* _Data supplied_:
====
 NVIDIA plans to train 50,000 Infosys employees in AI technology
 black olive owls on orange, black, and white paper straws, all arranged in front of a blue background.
====
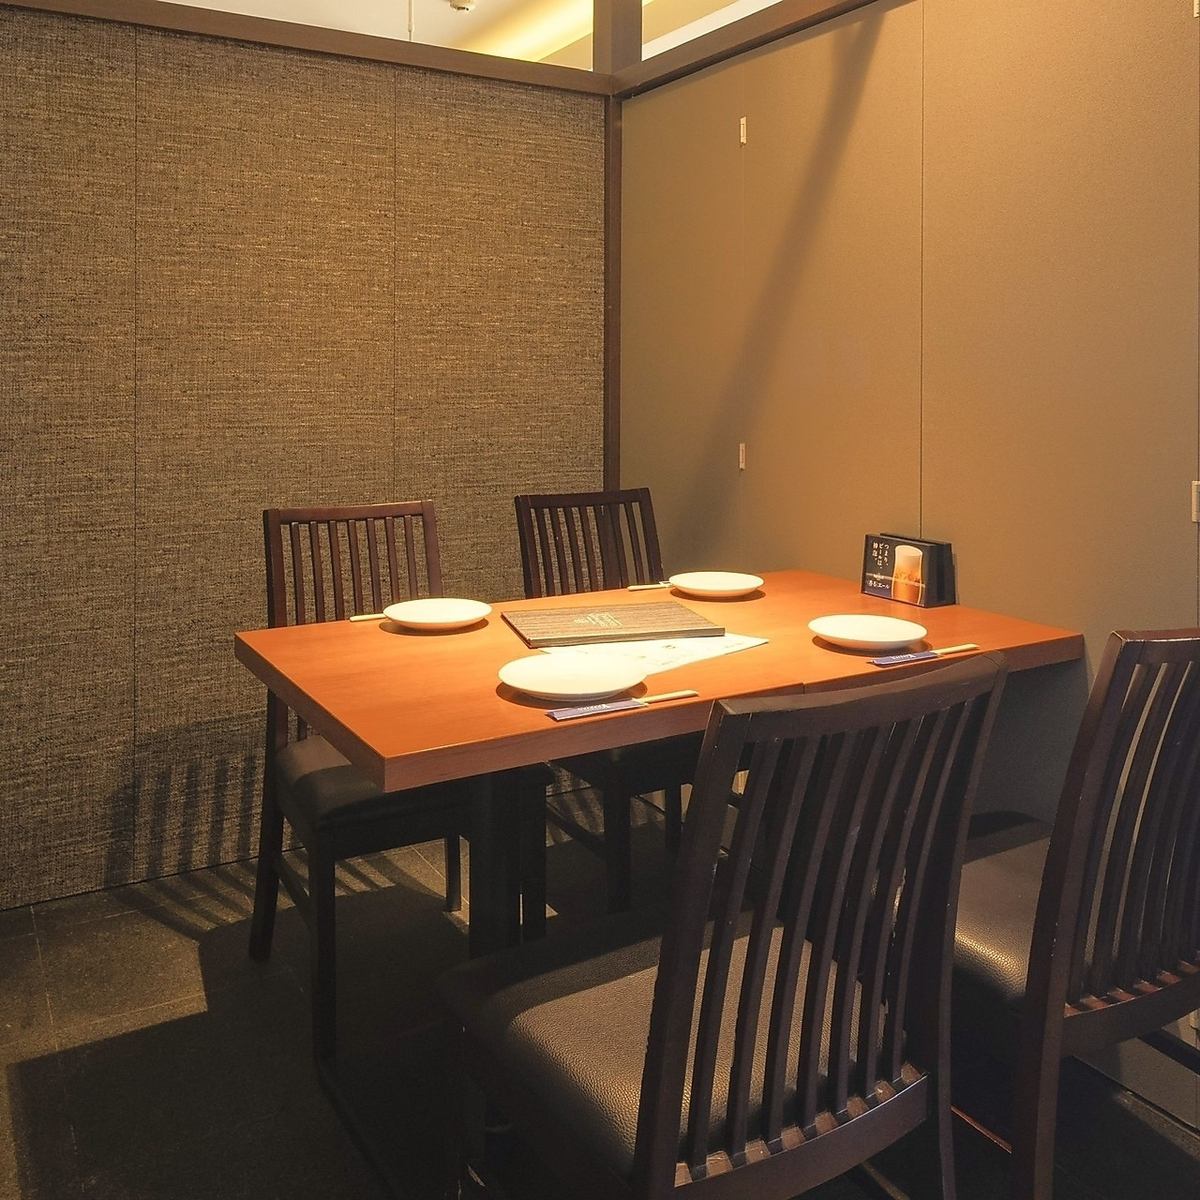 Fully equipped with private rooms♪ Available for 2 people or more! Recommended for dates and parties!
====
All that is wanted is an exact copy of the lines above from the one with "NVIDIA plans to" through the one with "black olive owls", with both ends included.

 NVIDIA plans to train 50,000 Infosys employees in AI technology
 black olive owls on orange, black, and white paper straws, all arranged in front of a blue background.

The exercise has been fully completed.